Could you output the whole listing exactly as it stands, minus any images?

DATA BLOCK:
● ● ● ● ●

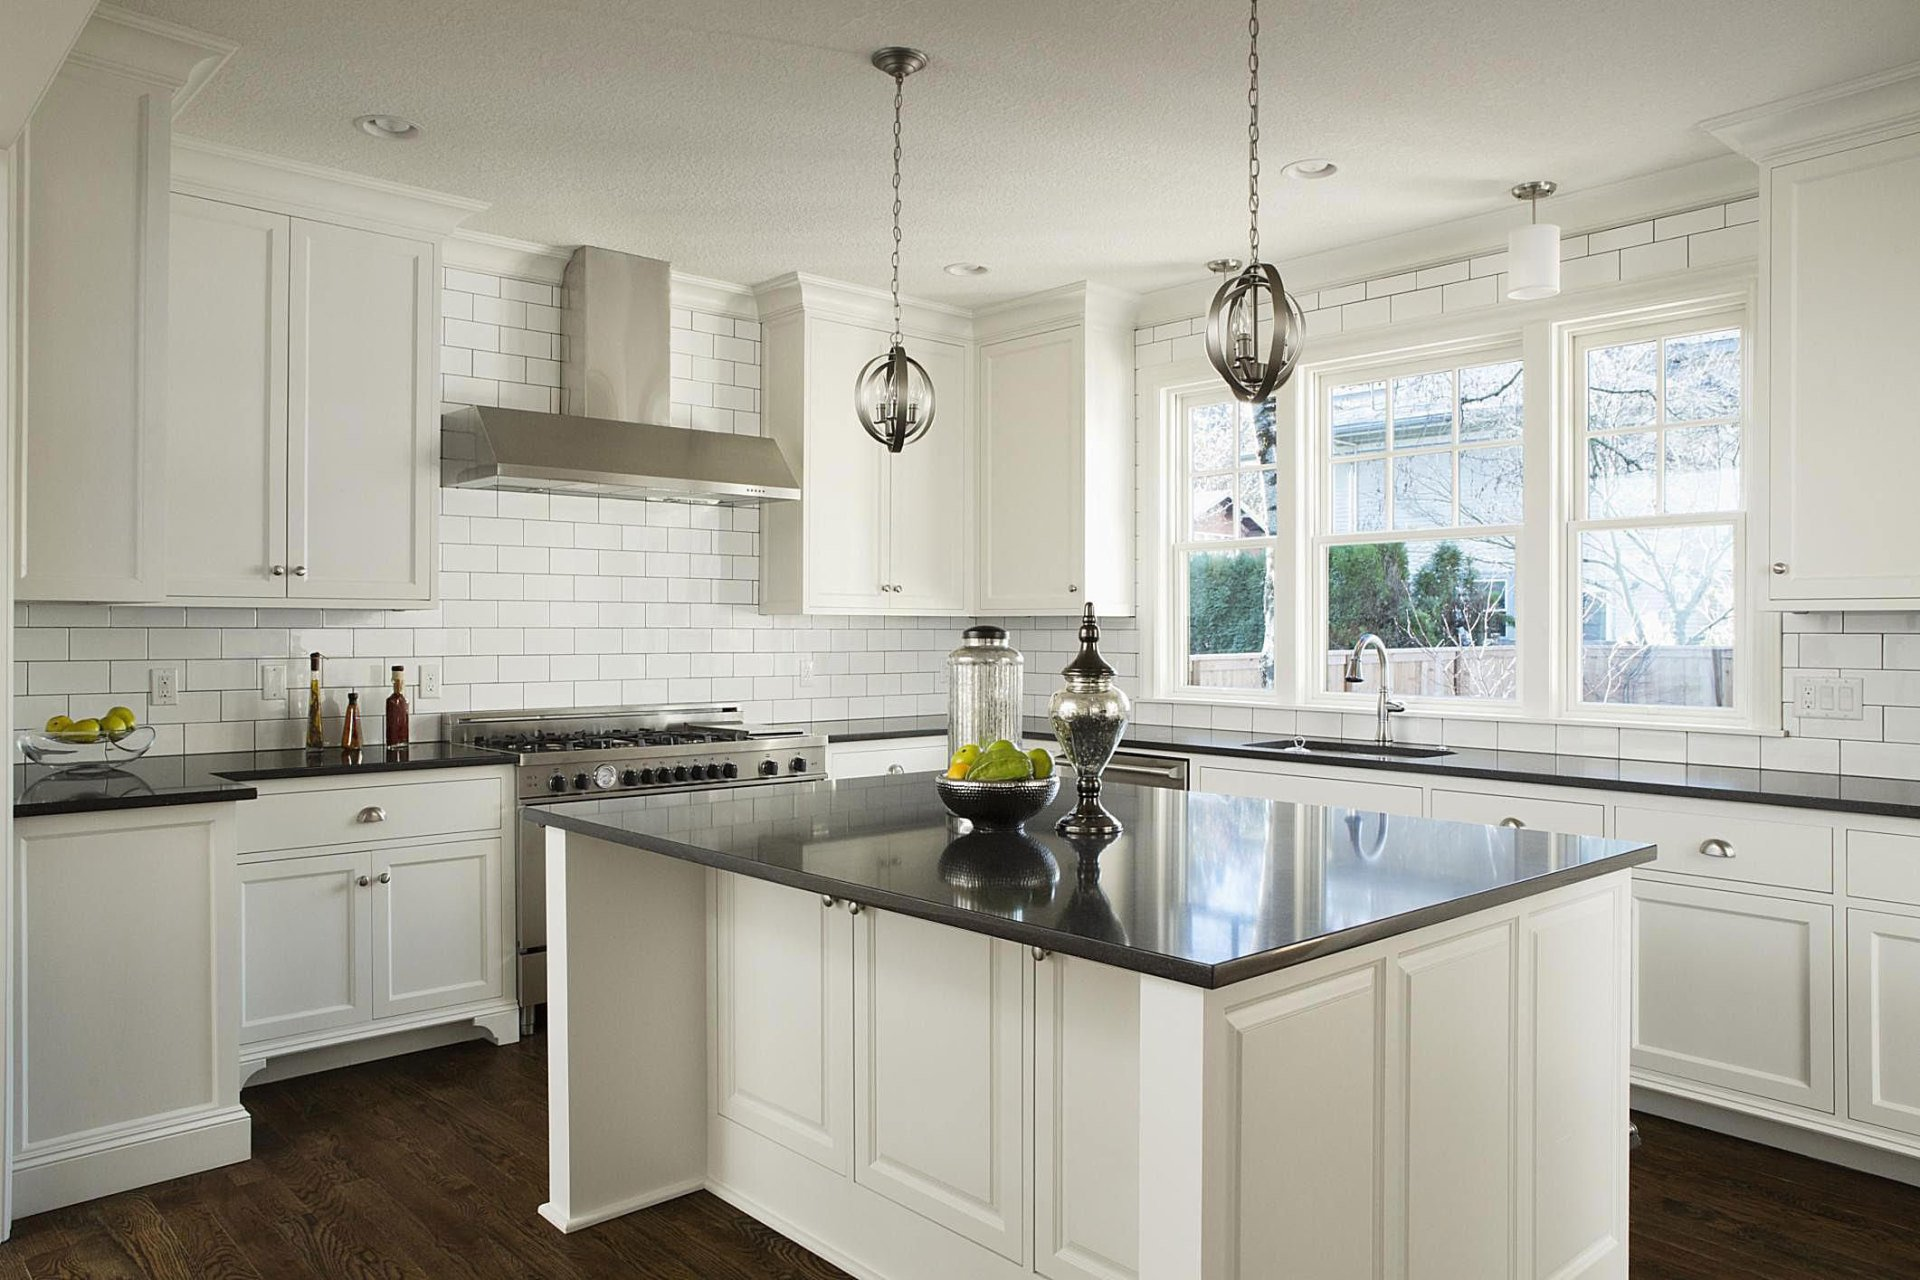 Tom Gensler | Kitchens - Home Remodeling
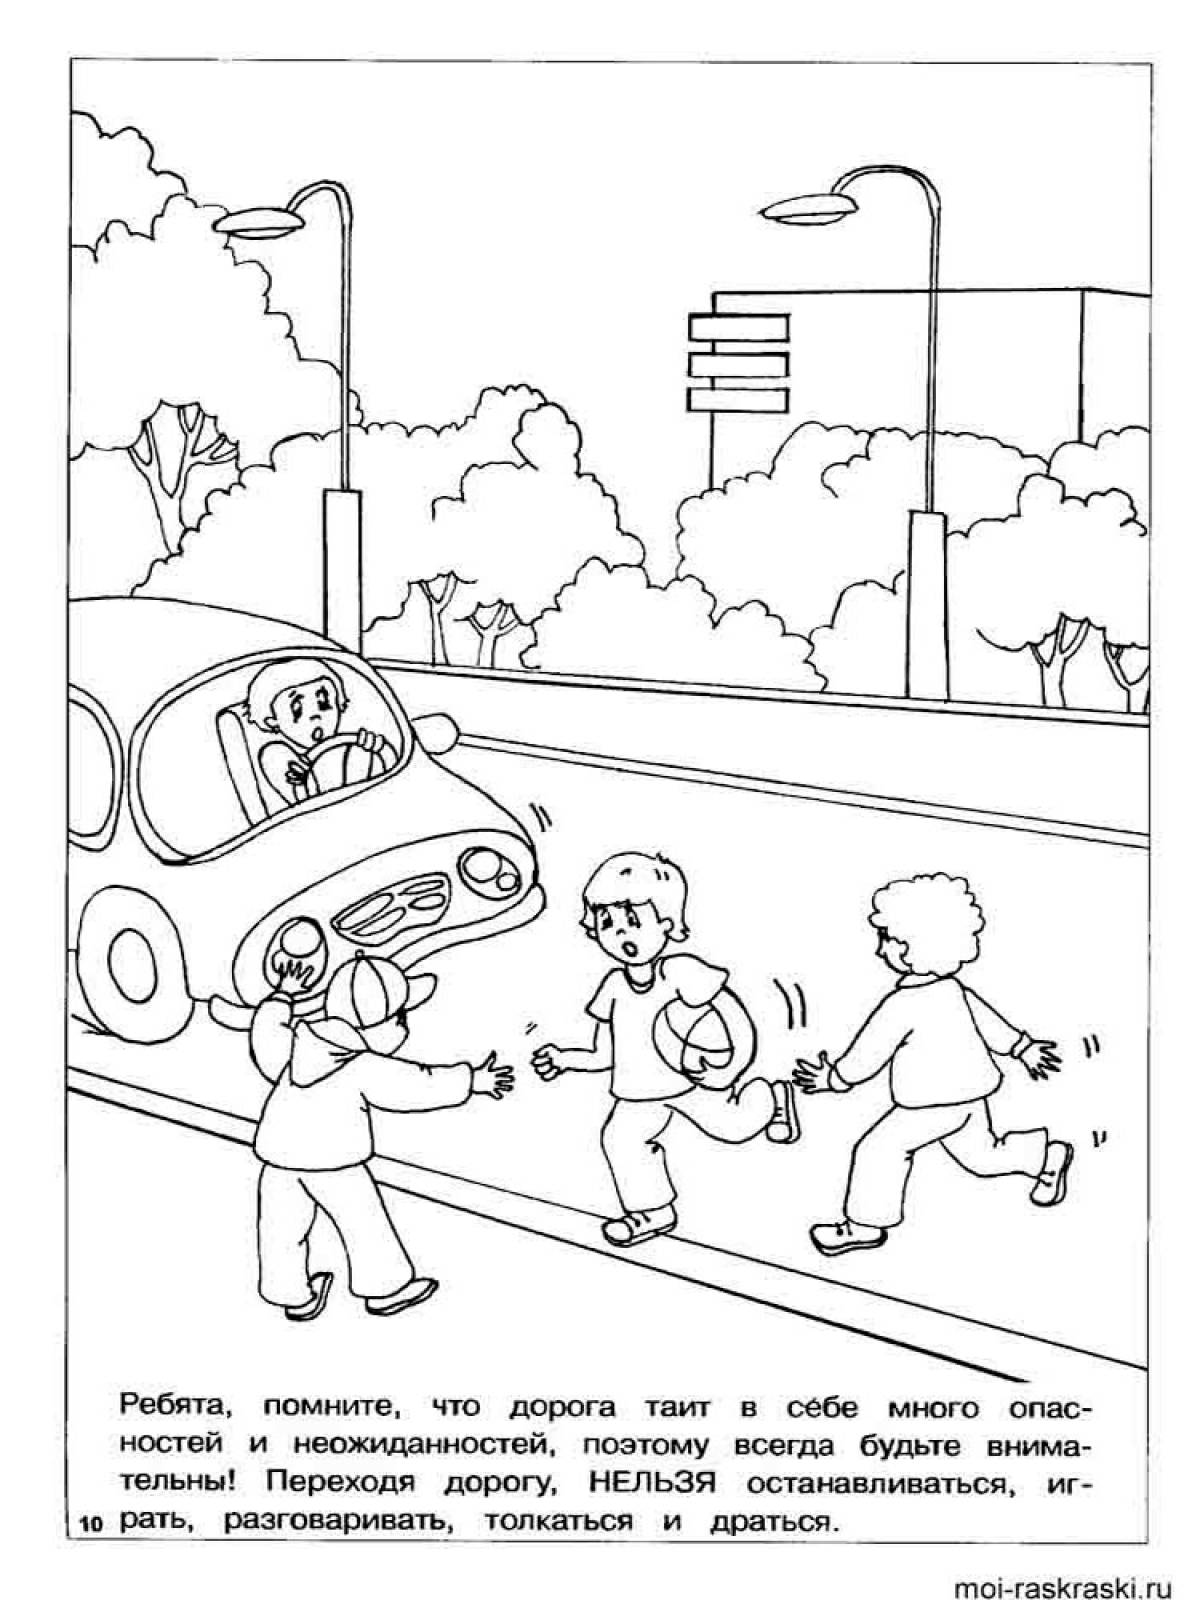 Картинки по правилам дорожного движения для раскрашивания
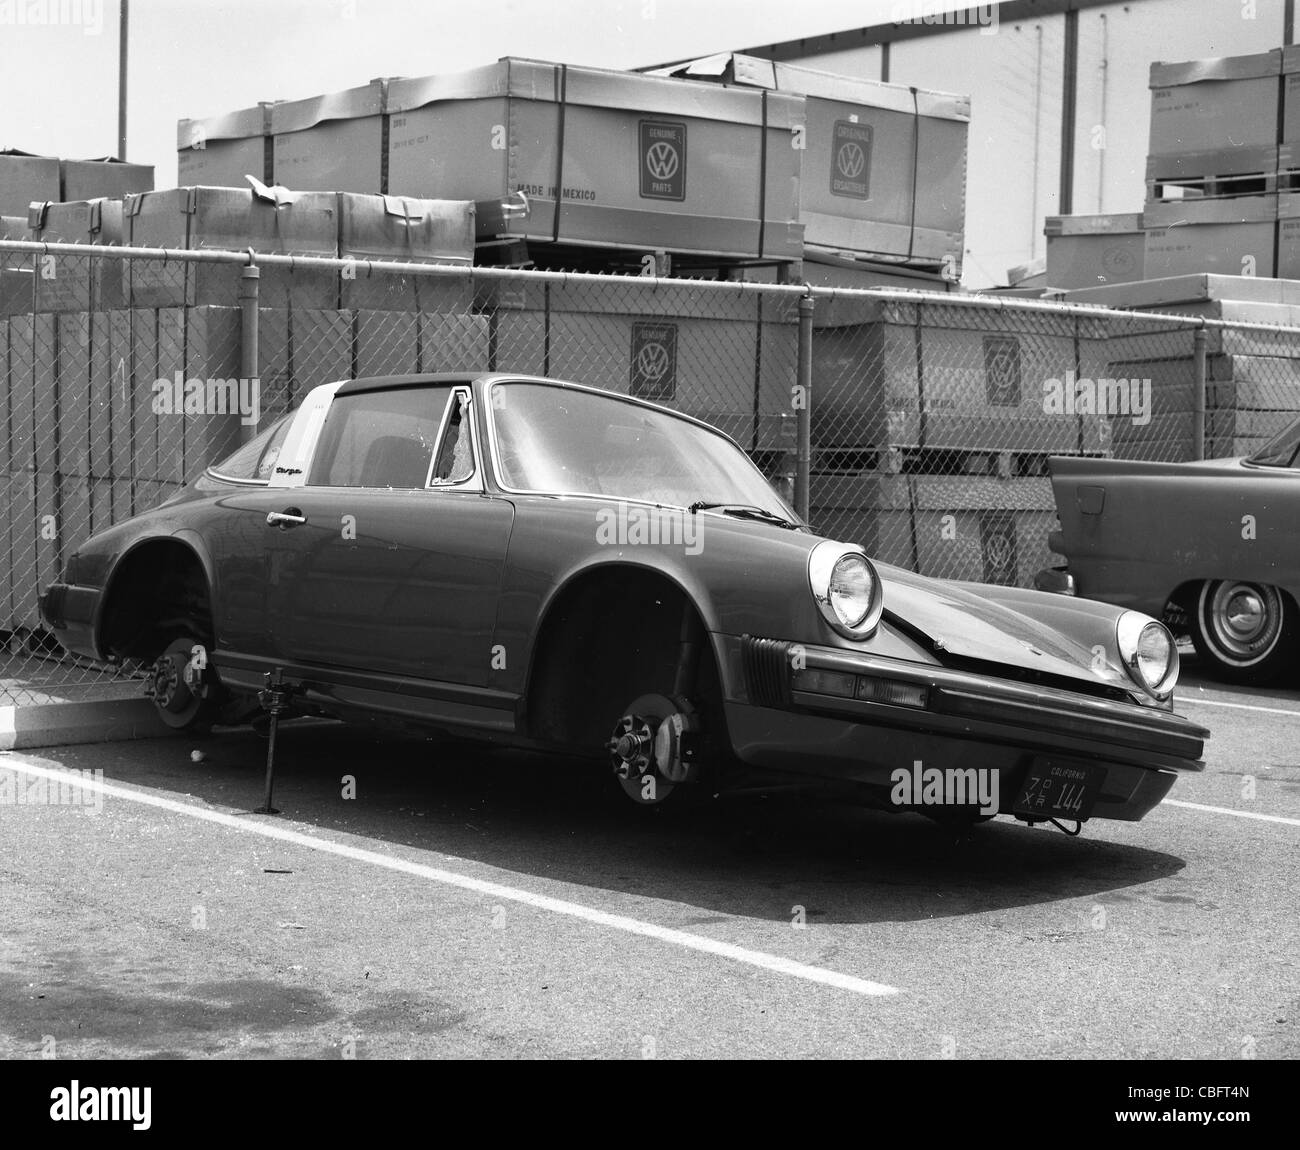 Porsche Carrera 1970 modelo estacionado con ruedas que faltan autos deportivos alemán Foto de stock

● ● ● ● ●

RESULT:
 Tom Gensler | Kitchens - Home Remodeling
 Картинки по правилам дорожного движения для раскрашивания
 Porsche Carrera 1970 modelo estacionado con ruedas que faltan autos deportivos alemán Foto de stock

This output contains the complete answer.